I am a PhD candidate in the Information and Languages Processing Systems group at the University of Amsterdam. I work under supervision of Christof Monz and co-supervision of Arianna Bisazza on statistical machine translation (SMT).
In 2016, I stepped away from SMT for a while to do a summer internship at Microsoft with Ryen White.
To date, I've focused on the following topics:
- Conversational SMT:
Dialogues differ substantially from formal text. While formal texts are typically written by a single writer with a clear intention (for instance informing or persuading) and editorially controlled language, dialogues by definition involve multiple speakers who have different intentions and language use. While such aspects have been studied in dialogue research, we were the first to study their impact on SMT quality. In a study on fictional dialogues, we found that translation quality differences between speakers, male and female characters, dialogue acts, or different register levels are often much larger than randomly expected.
A second aspect to dialogue translation is its sensitivity to context. To translate dialogues properly, an MT system has to be aware of context rather than translating utterances in isolation.
- SMT for user-generated content such as found on microblogs, weblogs, or in SMS/chat messages:
It is widely accepted that translating user-generated (UG) text is a difficult task for modern statistical machine translation (SMT) systems.
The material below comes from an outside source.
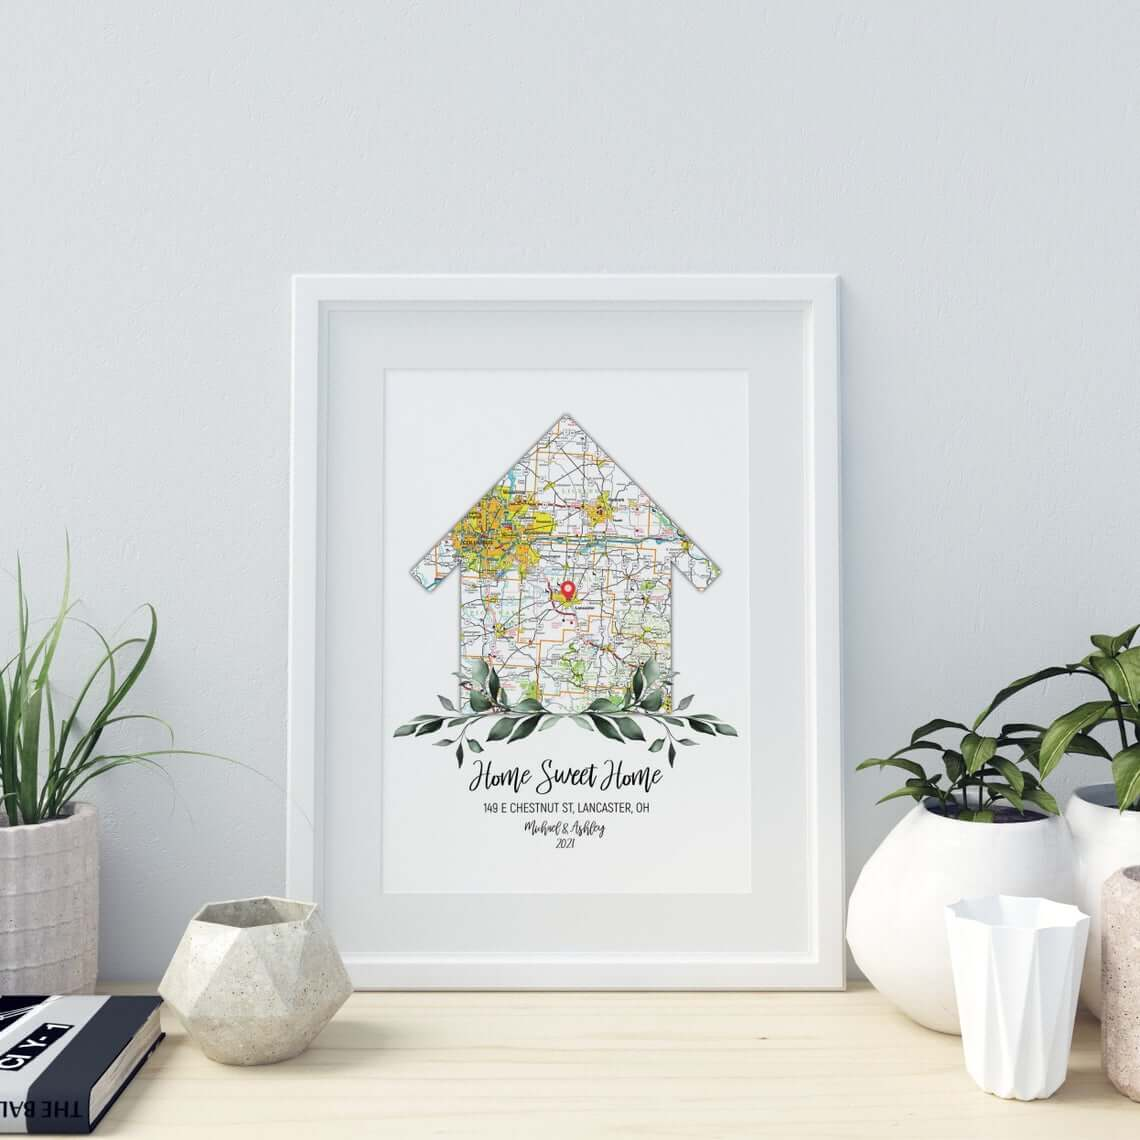 Digital New Home Neighborhood Map Print

To find out what aspects of SMT make translating UG text particularly challenging, I have performed a detailed analysis on five types of UG text for two language pairs. SMT errors for UG not only differ substantially from SMT errors for a more formal genre such as news, but also between various types of UG. In future work I plan to move beyond error analysis and work towards improvement of SMT for UG text, in particular such as found in SMS or chat messages.
- Domain, genre and topic adaptation for SMT:
Domain adaptation is an active field of research in statistical machine translation (SMT), but most work ignores the distinction between the topic and genre of documents. In my work, I have disentangled the concepts of topic and genre in the context of domain adaptation for SMT, and quantified the impact of both concepts on translation quality using a phrase-based SMT system. The results show that while re-scoring of existing translation candidates seems a profitable approach for topic adaptation, adaptation towards different genres might benefit more from improved model coverage. However, a multi-genre test set can also benefit from translation model adaptation by means of re-scoring existing translation candidates.
- Bilingual resource acquisition for low-resourced language pairs:
Research in SMT is typically evaluated on major language pairs such as French-English, Arabic-English, and Chinese-English. However, with the vast (and growing) amount of available text on the internet in many different languages, it is possible to create well-performing SMT systems for less-resourced language pairs from scratch. In my work I have harvested parallel and comparable training and evaluation data for various genres and topics in low-resourced language pairs, such as Pashto-English or Bulgarian-English. In addition, I worked on the challenging task of translating Romanized Arabic, or Arabizi, into English.